Lennox, et al.             Expires May 3, 2012                  [Page 4]


Internet-Draft         RTP Usage for Telepresence           October 2011


               ,'''''''''''|                           +-----------Y
               |           |                           |           |
               | +--------+|"""""""""""""""""""""""""""|+--------+ |
               | |EndPoint||---------------------------||EndPoint| |
               | +--------+|"""""""""""""""""""""""""""|+--------+ |
               |           |                           |           |
               "-----------'                           "------------


                  Figure 1: Point to Point Static Streams

   Dynamic streams from a finite set:

   In this case, the receiver has requested a smaller number of streams
   than the number of media sources that are available, and expects the
   sender to switch the sources being sent based on criteria chosen by
   the sender.  (This is called auto-switched in the CLUE Framework
   [I-D.ietf-clue-framework].)

   An example is a triple-camera system to two-screen system, in which
   the sender needs to switch either LC -> LR, or CR -> LR.

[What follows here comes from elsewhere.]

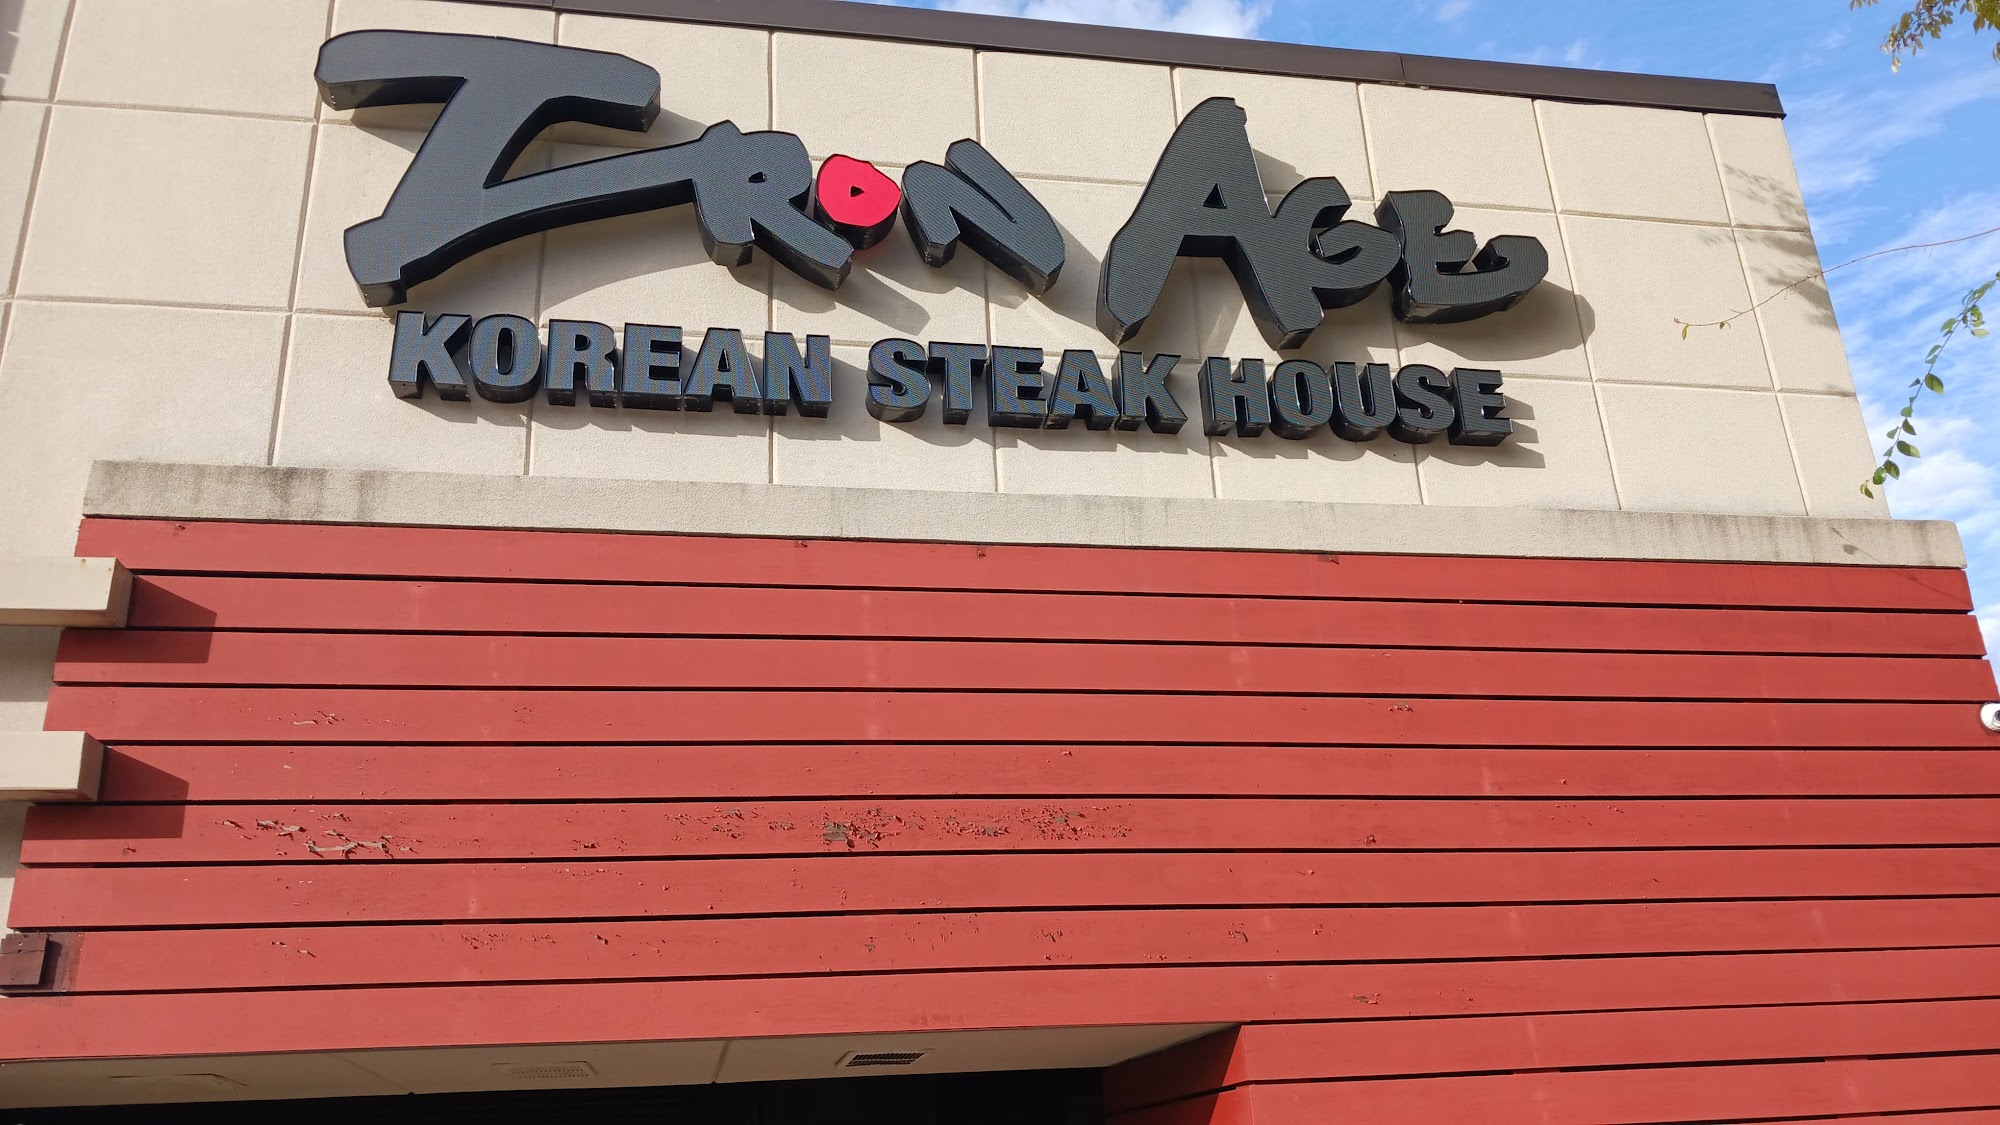 Iron Age Korean Steakhouse - Sandy Springs

   This describes an endpoint to endpoint, endpoint to multipoint
   device, and a transcoding device to endpoint.

   This is illustrated in Figure 2.


               ,'''''''''''|                           +-----------Y
               |           |                           |+--------+ |
               | +--------+|"""""""""""""""""""""""""""||EndPoint| |
               | |EndPoint||                           |+--------+_|
               | +--------+''''''''''                   '''''''''''
               |           |........
               "-----------'


              Figure 2: Point to Point Finite Source Streams

   Dynamic streams from an infinite set:

   This case describes a switched multipoint device to endpoint, in
   which the multipoint device can choose to send any streams received
   from any other endpoints within the conference to the endpoint.

   For example, in an MCU to triple-screen system, the MCU could send
   e.g.  LCR of a triple-camera system -> LCR, or CCC of three single-
   camera endpoints -> LCR.



Lennox, et al.             Expires May 3, 2012                  [Page 5]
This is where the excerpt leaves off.